5.3 Plain Format (output of “sp” mode; input of “d” mode)
Each lines corresponds to one sentence.
[word form]/[POS] [word form]/[POS] ...
6. Copyright and Licensing Information
This software is released under the Modified BSD License.
Copyright (c) 2010-2012, Jun Hatori All rights reserved. Redistribution and use in source and binary forms, with or without modification, are permitted provided that the following conditions are met: * Redistributions of source code must retain the above copyright notice, this list of conditions and the following disclaimer. * Redistributions in binary form must reproduce the above copyright notice, this list of conditions and the following disclaimer in the documentation and/or other materials provided with the distribution. * Neither the names of the authors nor the names of its contributors may be used to endorse or promote products derived from this software without specific prior written permission. THIS SOFTWARE IS PROVIDED BY THE COPYRIGHT HOLDERS AND CONTRIBUTORS "AS IS" AND ANY EXPRESS OR IMPLIED WARRANTIES, INCLUDING, BUT NOT LIMITED TO, THE IMPLIED WARRANTIES OF MERCHANTABILITY AND FITNESS FOR A PARTICULAR PURPOSE ARE DISCLAIMED. IN NO EVENT SHALL THE COPYRIGHT OWNER OR CONTRIBUTORS BE LIABLE FOR ANY DIRECT, INDIRECT, INCIDENTAL, SPECIAL, EXEMPLARY, OR CONSEQUENTIAL DAMAGES (INCLUDING, BUT NOT LIMITED TO, PROCUREMENT OF SUBSTITUTE GOODS OR SERVICES; LOSS OF USE, DATA, OR PROFITS; OR BUSINESS INTERRUPTION) HOWEVER CAUSED AND ON ANY THEORY OF LIABILITY, WHETHER IN CONTRACT, STRICT LIABILITY, OR TORT (INCLUDING NEGLIGENCE OR OTHERWISE) ARISING IN ANY WAY OUT OF THE USE OF THIS SOFTWARE, EVEN IF ADVISED OF THE POSSIBILITY OF SUCH DAMAGE.

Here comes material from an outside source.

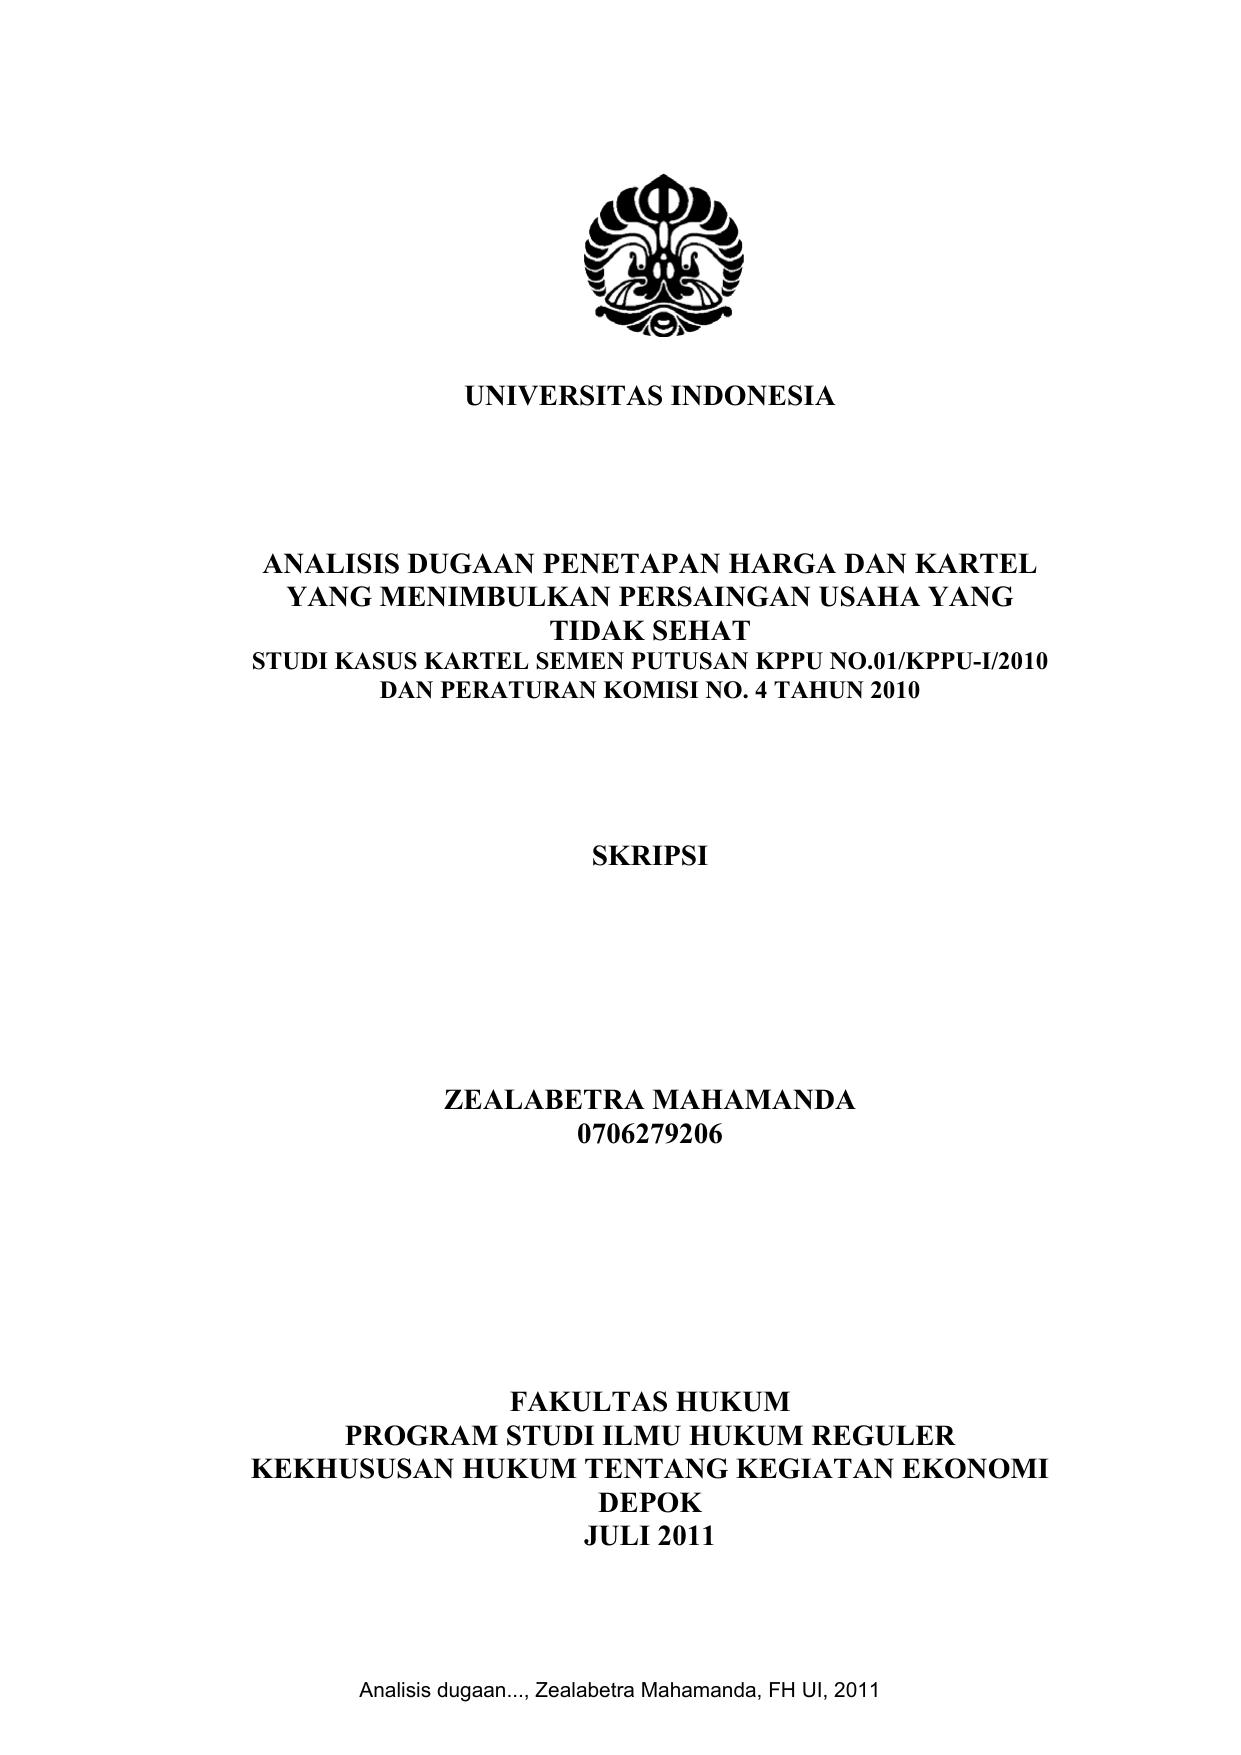 Universitas Indonesia Analisis Dugaan Penetapan Harga Dan Kartel

Portions of this software (patricia trie implementation) are based on the Apache License.
Copyright 2005-2009 Roger Kapsi, Sam Berlin Licensed under the Apache License, Version 2.0 (the "License"); you may not use this file except in compliance with the License. You may obtain a copy of the License at http://www.apache.org/licenses/LICENSE-2.0 Unless required by applicable law or agreed to in writing, software distributed under the License is distributed on an "AS IS" BASIS, WITHOUT WARRANTIES OR CONDITIONS OF ANY KIND, either express or implied. See the License for the specific language governing permissions and limitations under the License.